Daily operations at a Mater's Pizza Pasta Emporium franchise center on a full-service, dine-in restaurant model that requires active floor management, kitchen staffing, and customer-facing service across multiple dayparts. The menu scope is substantial: pizzas — including the signature 16-inch "Better Boy" that reportedly weighs approximately seven pounds — are complemented by appetizers, sandwiches, salads, pasta dishes, and an expanded steamed and raw oyster and shrimp menu that differentiates Mater's from single-category pizza operators. This menu complexity implies a staffing model that includes both front-of-house and skilled kitchen personnel, making owner-operator involvement particularly important in the brand's early operational stages.
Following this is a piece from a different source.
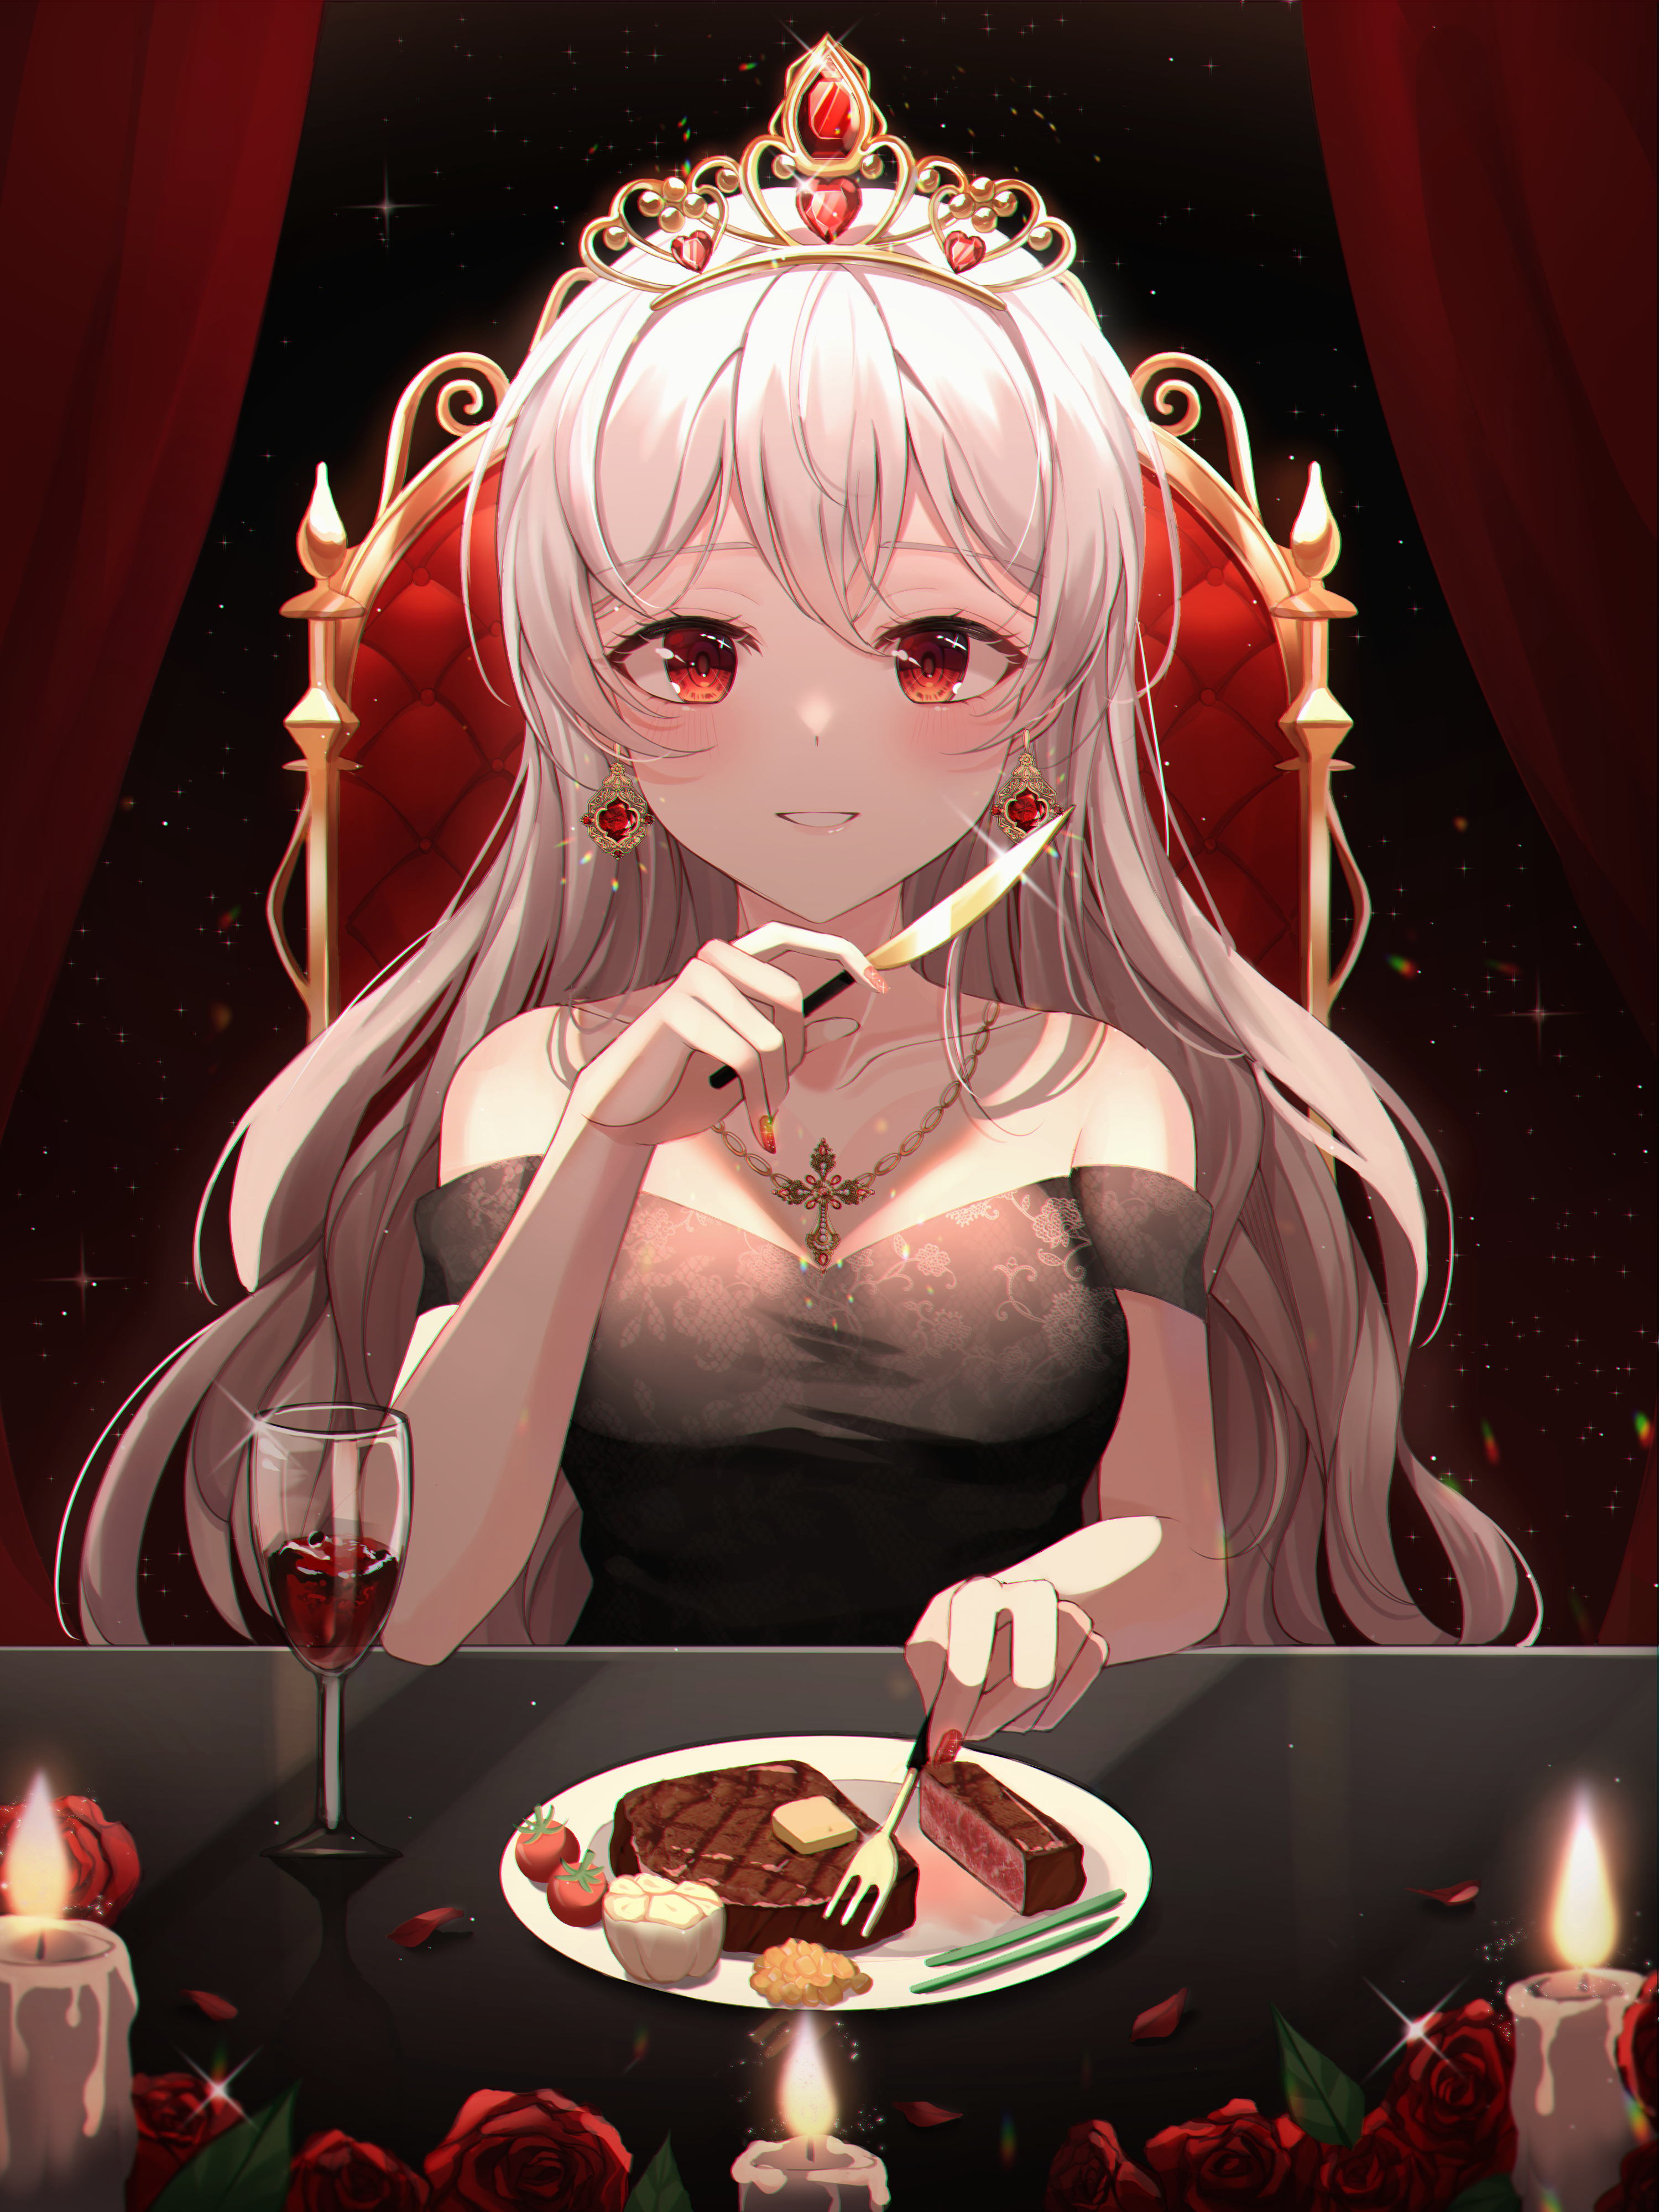 Anime 3000x4000 anime anime girls red eyes food eating knife fork tiaras earring white hair candles rose flowers petals necklace

The Fort Payne location features two stages for live music performances, adding an entertainment programming dimension that requires scheduling, coordination, and potentially additional staffing beyond standard restaurant operations. The Albertville franchise was established by a former employee of the Gadsden flagship, which reveals the brand's preference for franchisees with direct familiarity with Mater's operational culture — a model that reduces training ramp-up time and improves cultural alignment between the corporate and franchise units. The Gadsden headquarters has operated continuously since 1978 and serves as both the concept's proving ground and the logical training environment for new franchisees learning the system, menu execution standards, and the brand's service philosophy. Territory structure details, protected geography provisions, and multi-unit developer agreements have not been publicly disclosed, meaning prospective franchisees will need to negotiate and clarify these structural elements directly during the franchise development conversation. Mater's Pizza Pasta Emporium currently operates exclusively within Alabama, and its deliberate, relationship-driven expansion approach suggests the brand favors franchisees who are embedded in their local communities and bring existing customer relationships to the table rather than institutional investors seeking multi-unit portfolio expansion.
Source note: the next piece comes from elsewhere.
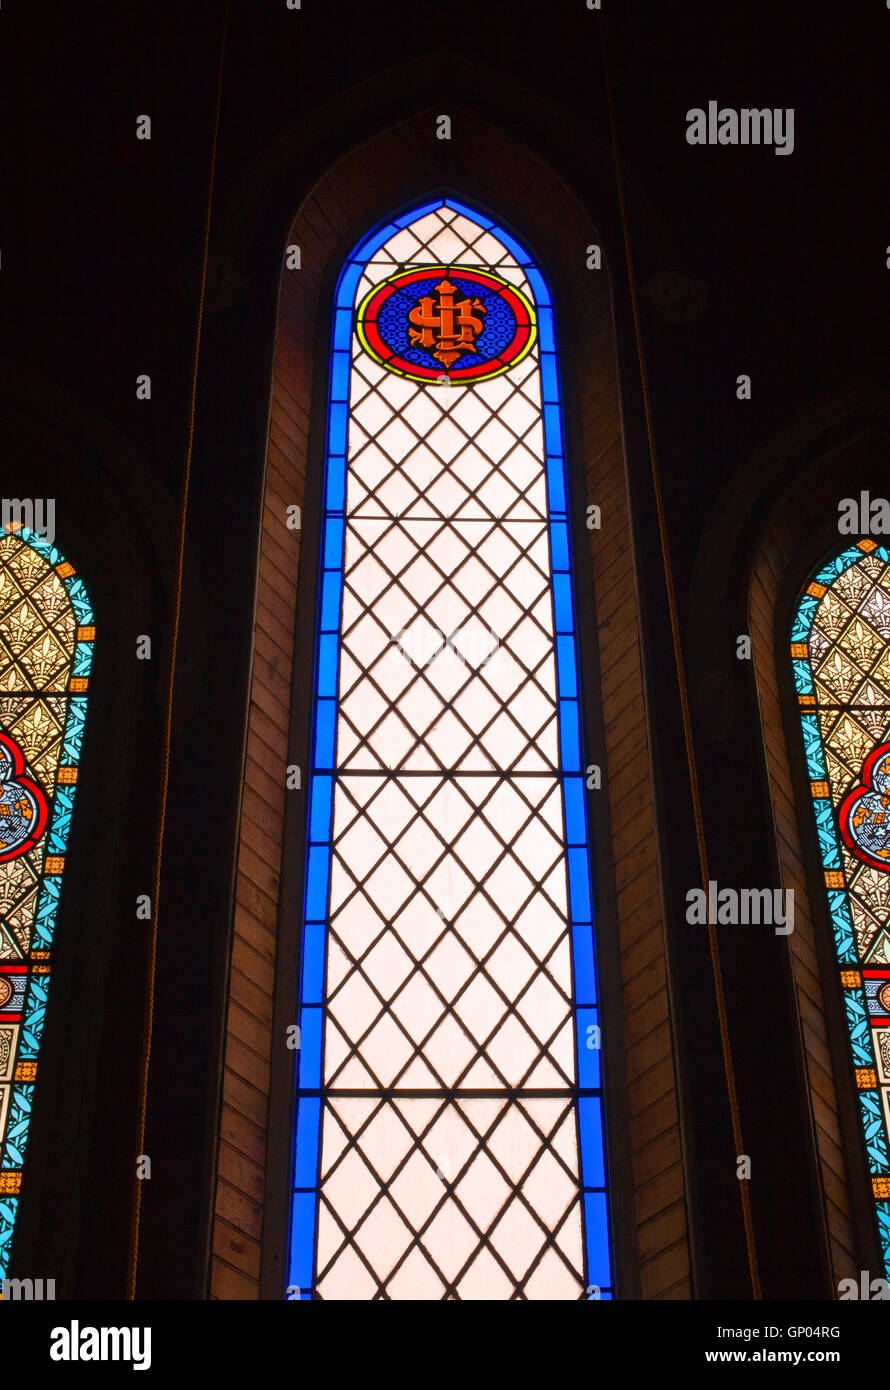 Stained glass window inside church. Stock Photo

Item 19 financial performance data is not disclosed in the current Franchise Disclosure Document for Mater's Pizza Pasta Emporium, which means average unit revenue, median revenue, top-quartile performance figures, and system-wide EBITDA margin data are not available through public FDD research. This absence of Item 19 disclosure is common among emerging and micro-system franchise brands with fewer than ten total units, where sample sizes are statistically insufficient to produce meaningful averages and where franchisors often prefer to share performance context directly during the validation process. However, one publicly available data point provides meaningful directional intelligence: the Albertville franchise opened in 2013 to what has been described as a "booming business with no advertising dollars being spent because of the established name," which quantifies brand equity in operational terms — zero paid customer acquisition cost at launch is a significant unit economics advantage that larger, less regionally concentrated brands cannot replicate. The Fort Payne location has achieved an average Google rating of 4.1 stars, with customer feedback highlighting attentive staff, fast service, and attractive pricing, though some reviews noted inconsistencies in food quality that represent an operational risk factor worth monitoring. For industry context, casual dining pizza restaurants in the United States operate with food costs typically in the range of 28% to 35% of revenue, labor costs between 30% and 38%, and occupancy costs averaging 8% to 12%, leaving pre-tax operating margins in the 5% to 15% range for well-managed independent and franchise units. Full-service restaurant franchises of comparable scale and regional recognition can generate annual unit revenues ranging from $600,000 to over $1.5 million depending on market size, hours of operation, and ancillary revenue streams like the entertainment programming and seafood menu that Mater's has developed at its newer locations. A serious prospective franchisee should request Item 19 data directly during the FDD review process and should conduct thorough franchisee validation calls with both the Albertville and Fort Payne owners to build a grounded revenue and cost model before making any investment commitment.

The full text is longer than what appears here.